Овдовев вторично, Елизавета Михайловна не покинула Флоренции. По словам А. Я. Булгакова, после смерти Николая Федоровича она одно время даже осталась «в прежалком положении, с долгами и без копейки денег»[48].

Если вспомнить то, что недавно писал о денежных делах покойного ныне генерала хорошо его знавший Ф. Г. Головкин, придется признать, что, вероятно, и Булгаков говорит правду. Тем не менее, будучи вдовой генерал-майора, Елизавета Михайловна вскоре должна была получить полагающуюся ей по закону небольшую пенсию. Ее, конечно, не хватило бы для далеких разъездов, а между тем в 1820 году Е. М. Хитрово побывала с дочерьми в Неаполе. По крайней мере, однажды – когда именно, пока неизвестно, – совершила с ними большую поездку в Центральную Европу. Несомненно, побывала в Вене, где прозвали Долли «Сивиллой флорентийской» – в дальнейшем мы узнаем почему. По всей вероятности, в эти трудные для нее годы Елизавета Михайловна получала поддержку от родных из России.

Духовно привлекательная и житейски опытная Е. М. Хитрово сумела создать себе и прежде всего подросшим дочерям блестящее положение в европейском «большом свете». Славное имя Кутузова знали, конечно, и иностранцы, но вряд ли оно производило на них большое впечатление. Истинную роль великого полководца в победе над Наполеоном и у нас ведь поняли много позже. Графы Тизенгаузен – древний немецкий род, но и только. В толстой «Справочной книжке графских домов» таких семей множество. Еще меньше могла говорить иностранцам стародворянская, но не титулованная фамилия Хитрово. Между тем среди личных друзей Елизаветы Михайловны и ее дочерей в начале двадцатых годов мы находим прусского короля Фридриха-Вильгельма III, герцога Леопольда Саксен-Кобургского, впоследствии бельгийского короля, и много других членов королевских и владетельных домов Германии, Австрии и Италии, не говоря уже о многочисленных представителях самых верхов аристократии.

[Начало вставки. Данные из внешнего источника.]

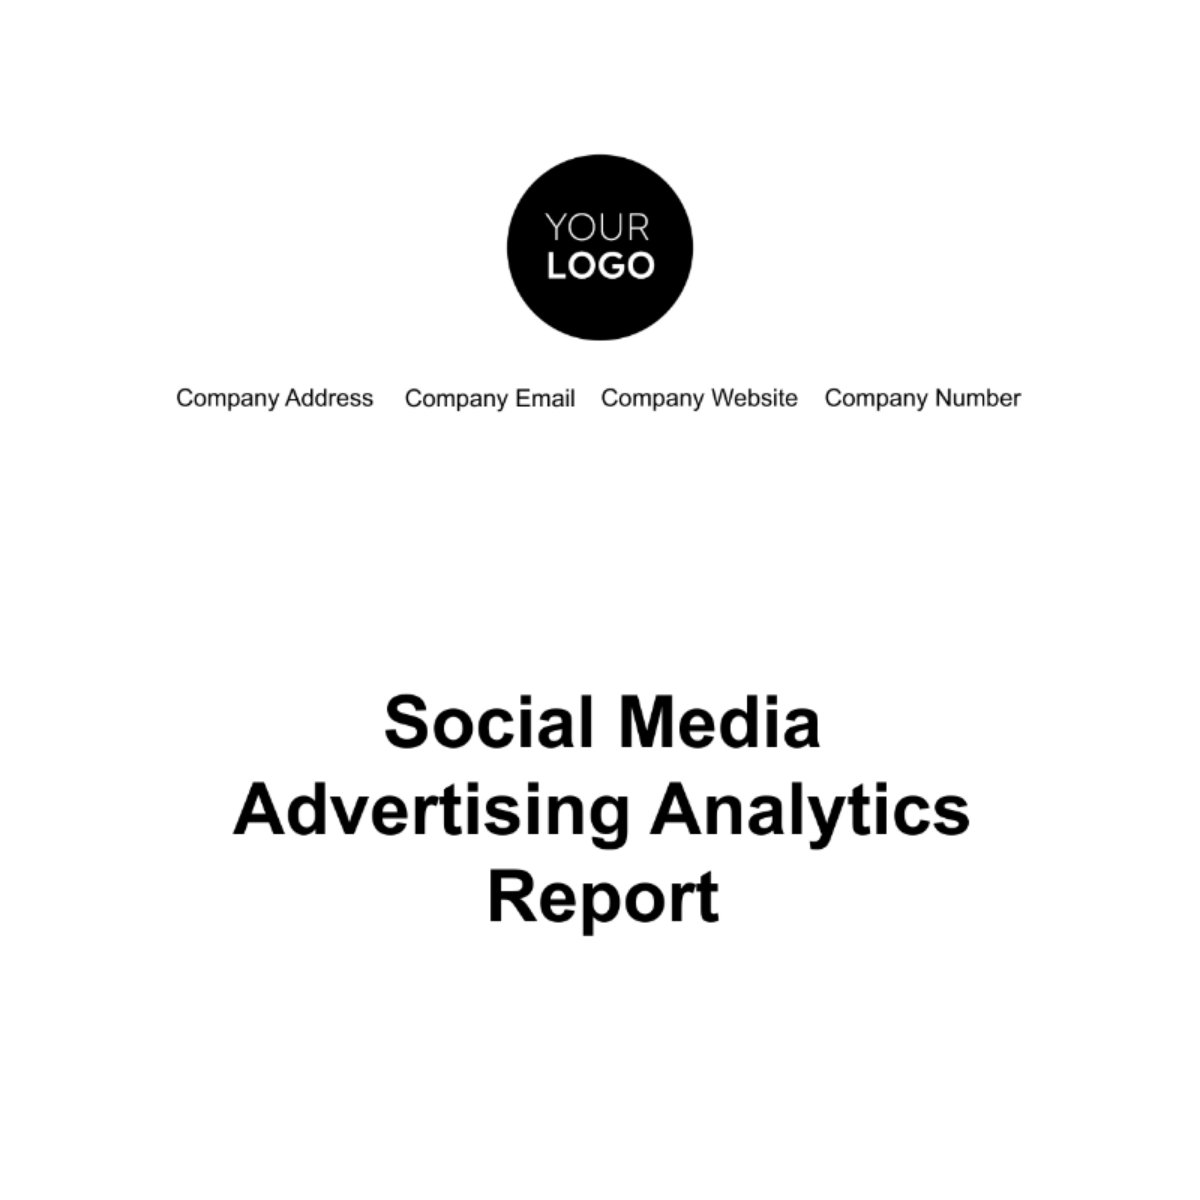 Social Media Advertising Analytics Report Template

Эти дружеские отношения «высочайших», «высоких» и просто знатных особ с Е. М. Хитрово и ее юными дочерьми возникли, конечно, не по признаку знатности и богатства последних.

II

Вряд ли их можно объяснить и замужеством Долли. Мы знаем немало претендентов на руку ее старшей сестры, как известно, оставшейся незамужней. Одно время в числе их считали и прусского короля Фридриха-Вильгельма III.

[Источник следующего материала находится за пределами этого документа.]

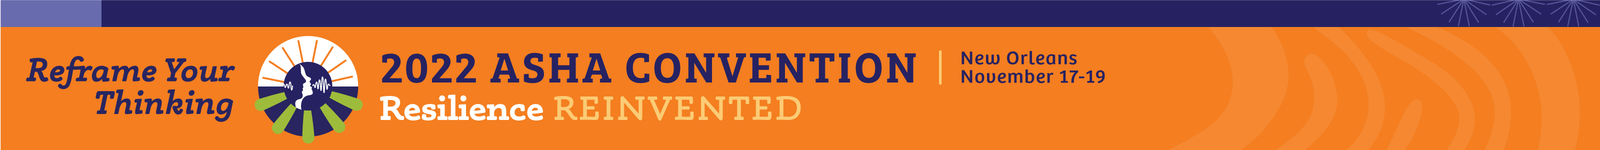 2022 ASHA Convention logo

О том, как проходила жизнь сердца юной «Сивиллы флорентийской», мы не знаем пока ничего, – быть может, потому, что ее судьба определилась очень рано – 3 июня 1821 года, не достигнув еще и семнадцати лет, Дарья Федоровна вышла замуж за только что назначенного австрийского посланника при короле Обеих Сицилий графа Шарля-Луи Фикельмона, выдающегося кавалерийского генерала и опытного дипломата. Позже, в преклонных годах, он стал плодовитым и интересным политическим писателем. Постепенно мы ближе присмотримся к облику этого, несомненно, незаурядного человека.

О происхождении Фикельмонов можно сказать то же самое, что и о Тизенгаузенах: не богатый, но очень старинный бельгийско-лотарингский род. Их предок, крестоносец, еще в 1138 году, уезжая в Палестину, подарил участок земли одному монастырю.

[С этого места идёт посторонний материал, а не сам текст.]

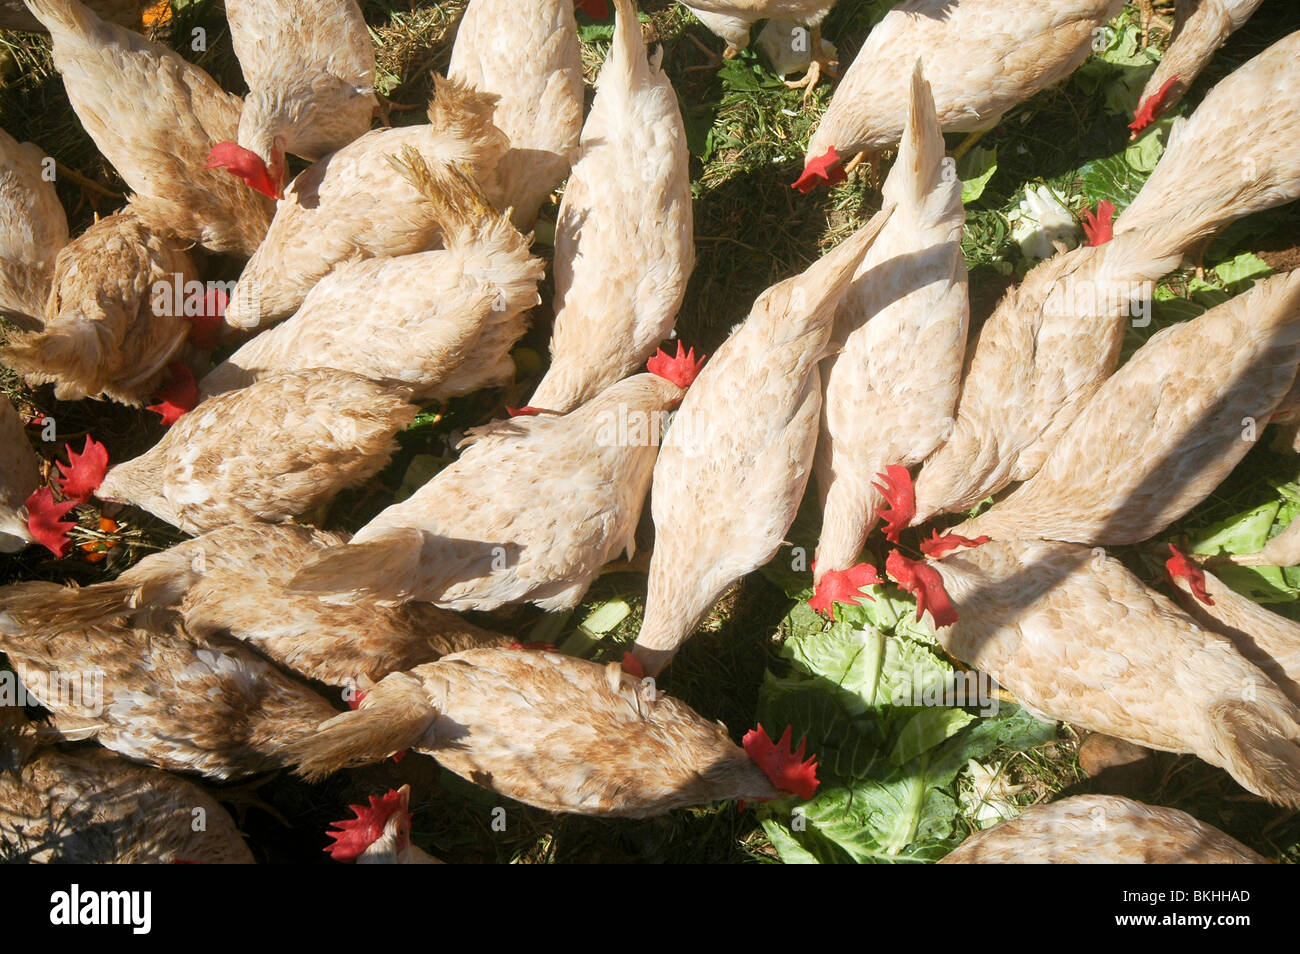 Israel, Öko-Farm, kostenlose Roaming-Hühner Stockfoto

Дед Шарля-Луи и его отец Христиан-Максимилиан, оставаясь французскими подданными, служили, по семейной традиции, в Австрии – в XVIII веке это бывало нередко[49]. Шарль-Луи первоначально учился в коллеже в Нанси. В 1792 году его отец эмигрировал и взял сына с собой. В Австрии юноша, почти мальчик (ему было 15 лет), поступил в драгунский полк Лятура и с тех пор до конца жизни состоял на военной службе. Шарль-Луи (по-немецки Карл-Людвиг) Фикельмон стал со временем выдающимся кавалерийским начальником. Командовал в Испании полком в армии генерала Костаньоса (Costagnos), присоединившегося к англичанам. Много лет спустя герцог Веллингтон говорил, что он не знал лучшего кавалерийского генерала, чем Фикельмон.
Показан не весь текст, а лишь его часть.